StackBlaze manages a Kubernetes HorizontalPodAutoscaler (HPA) for every service with autoscaling enabled. The HPA continuously monitors CPU and memory metrics from the cluster's Metrics Server and adjusts the Deployment's replica count to match actual demand.
Scale-up is fast, new pods typically start within 30 seconds. Scale-down is intentionally slow, the HPA waits 5 minutes of below-threshold utilization before removing pods, preventing thrashing during bursty traffic.
Autoscaling architecture
Autoscaling configuration
Minimum replicas
Always running, even at zero traffic
2
Maximum replicas
Hard ceiling on scale-out
10
Target CPU threshold
Scale up when average CPU exceeds this
60%
20%50%80%100%
Monthly spend cap
Pause scaling when limit reached
$150 / mo
Scale-up event log
HPA event log, my-web-service
14:02:31 HPA metrics collected: CPU avg 42% across 2 replicas
14:07:14 HPA metrics collected: CPU avg 58% across 2 replicas
14:08:01 HPA metrics collected: CPU avg 78% across 2 replicas
14:08:48 HPA: all 4 replicas healthy, load balancer updated
14:09:02 HPA metrics collected: CPU avg 41% across 4 replicas
Under the hood
HorizontalPodAutoscaler: Kubernetes native HPA resource targets your Deployment. It polls the Metrics Server every 15 seconds and uses a proportional algorithm to calculate the ideal replica count: ceil(current * currentMetric / desiredMetric).
Metrics Server: a lightweight aggregator that collects CPU and memory usage from each node's kubelet. StackBlaze keeps it running on every cluster. Custom metrics (requests/second, queue depth) are available on enterprise plans via the Prometheus adapter.

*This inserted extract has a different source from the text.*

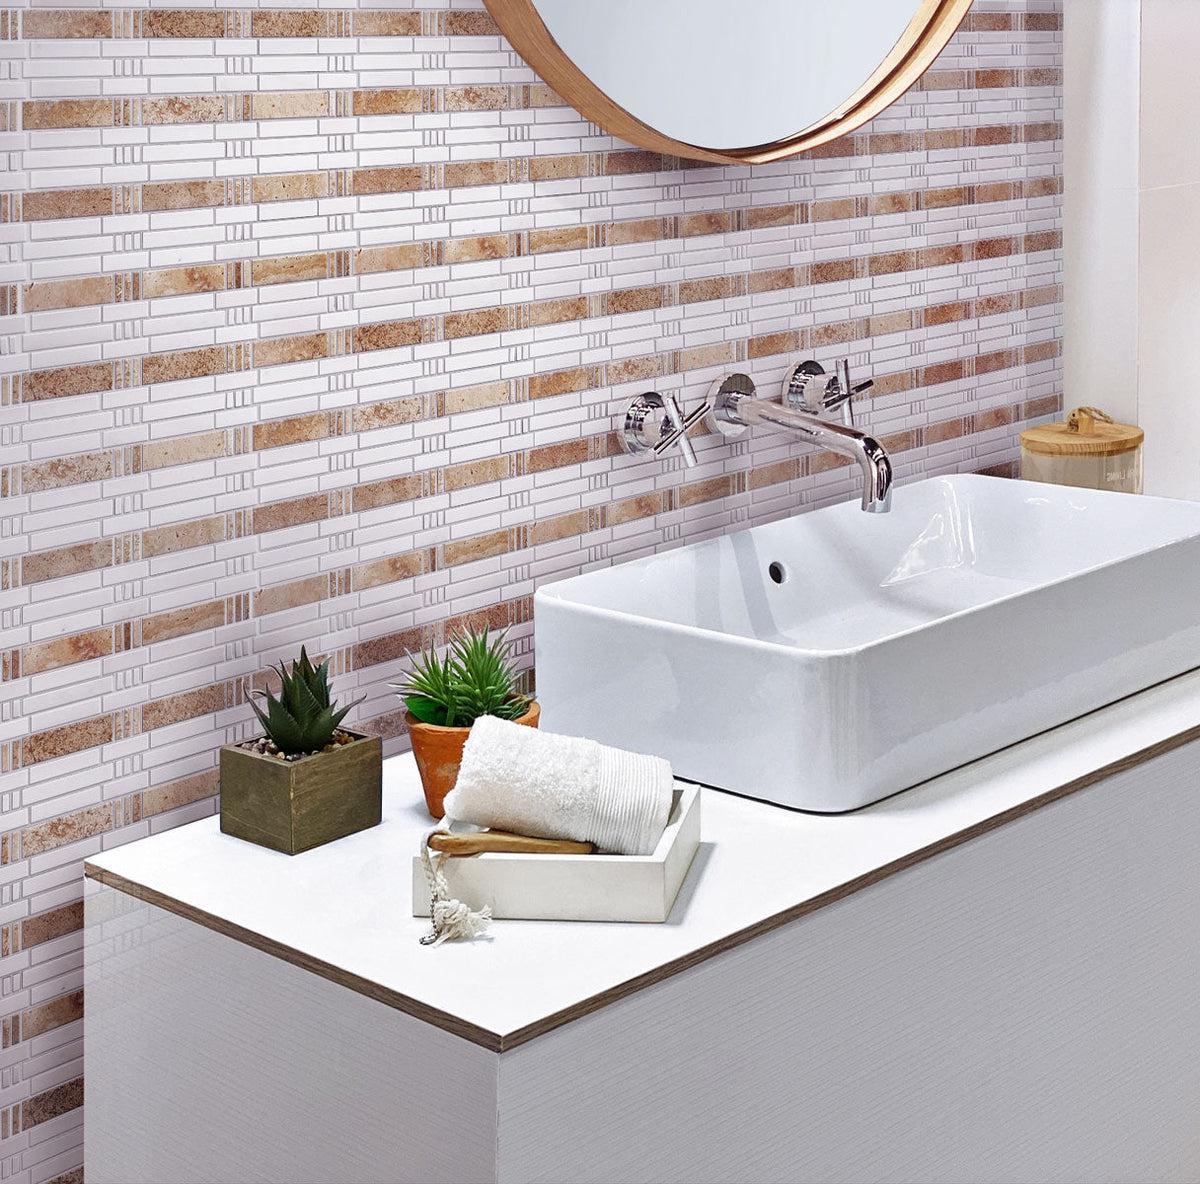 Bathroom wall tile with biophilic decor

Scale-down stabilisation: the HPA uses a 5-minute stabilisation window before removing pods. This prevents flapping when traffic is bursty. Scale-up has no delay, it reacts immediately to protect user experience.

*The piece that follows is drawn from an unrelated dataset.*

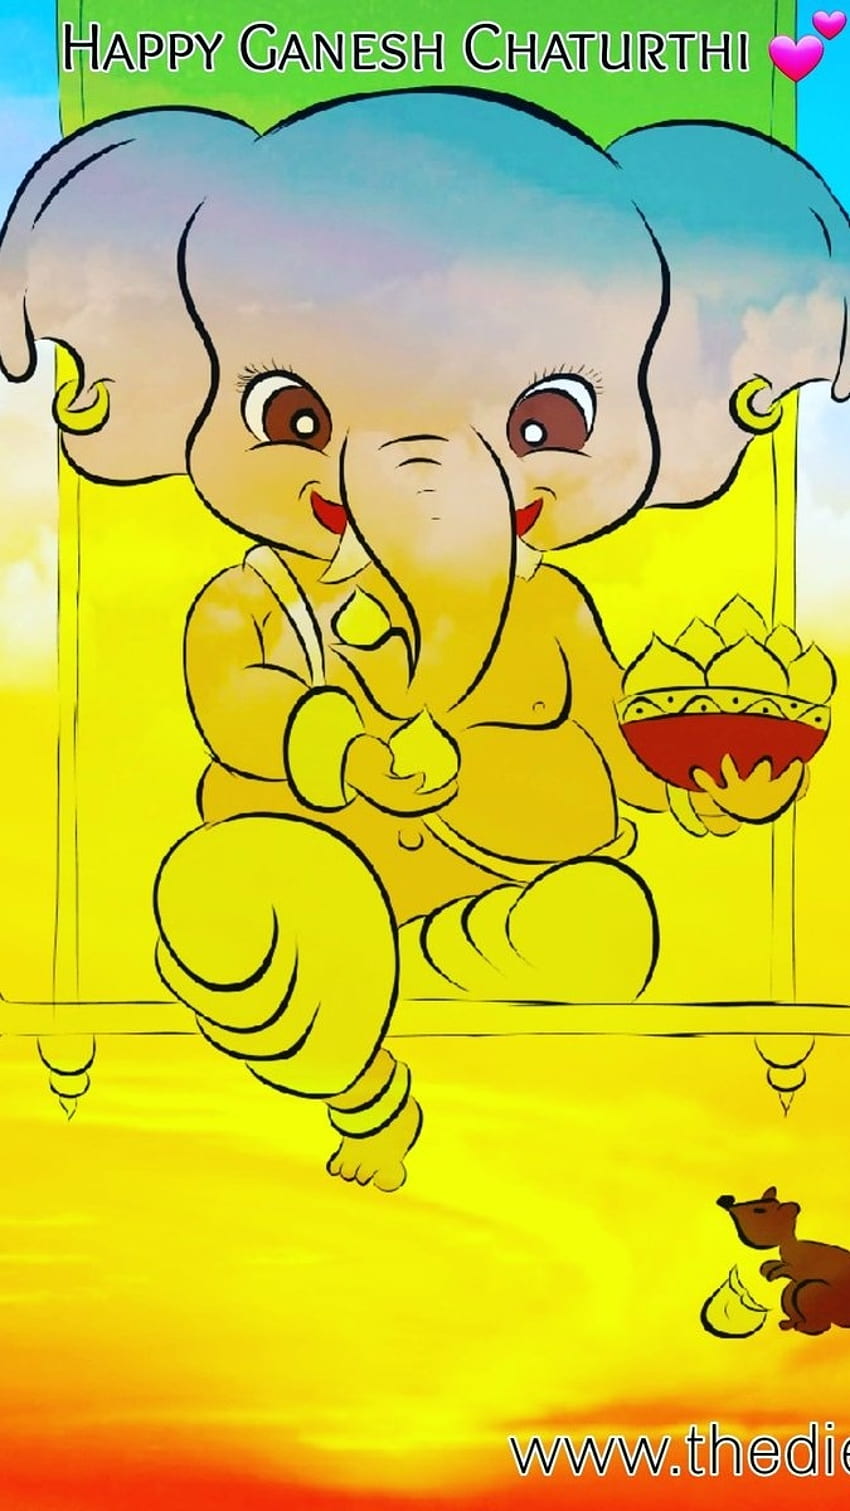 Ganesha drawing / Ganesh chaturthi Indian festival drawing / Lord ganpati  bappa painting - YouTube

Pod Disruption Budget: StackBlaze automatically creates a PDB ensuring at least 50% of replicas remain available during node drains and cluster upgrades. Your service stays up even during maintenance windows.
Step by step
01
Set minimum and maximum replicas
In the StackBlaze dashboard, open your service and go to the "Scaling" tab. Set a minimum replica count (we recommend at least 2 for production to survive a node failure) and a maximum that fits your budget and expected load.
02
Set a CPU or memory threshold
Choose the metric that best predicts load for your service type. CPU works well for compute-bound services (API servers, workers). Memory is better for data-heavy workloads. StackBlaze defaults to 60% CPU utilization, scale up triggers when average usage across all pods exceeds the threshold.
03
Optionally set a spend cap
Enable the monthly spend cap to prevent runaway scaling costs. When your service hits the cap, scaling pauses and you receive an alert. You can bump the cap or investigate traffic spikes from the dashboard without facing surprise bills.
04
Test with a load generator
Use hey, k6, or Locust to send sustained load to your service. Watch the "Scaling" tab in real-time as the HPA scales up replicas. Check the event log to see exactly when scale-up and scale-down events fired and what metric triggered them.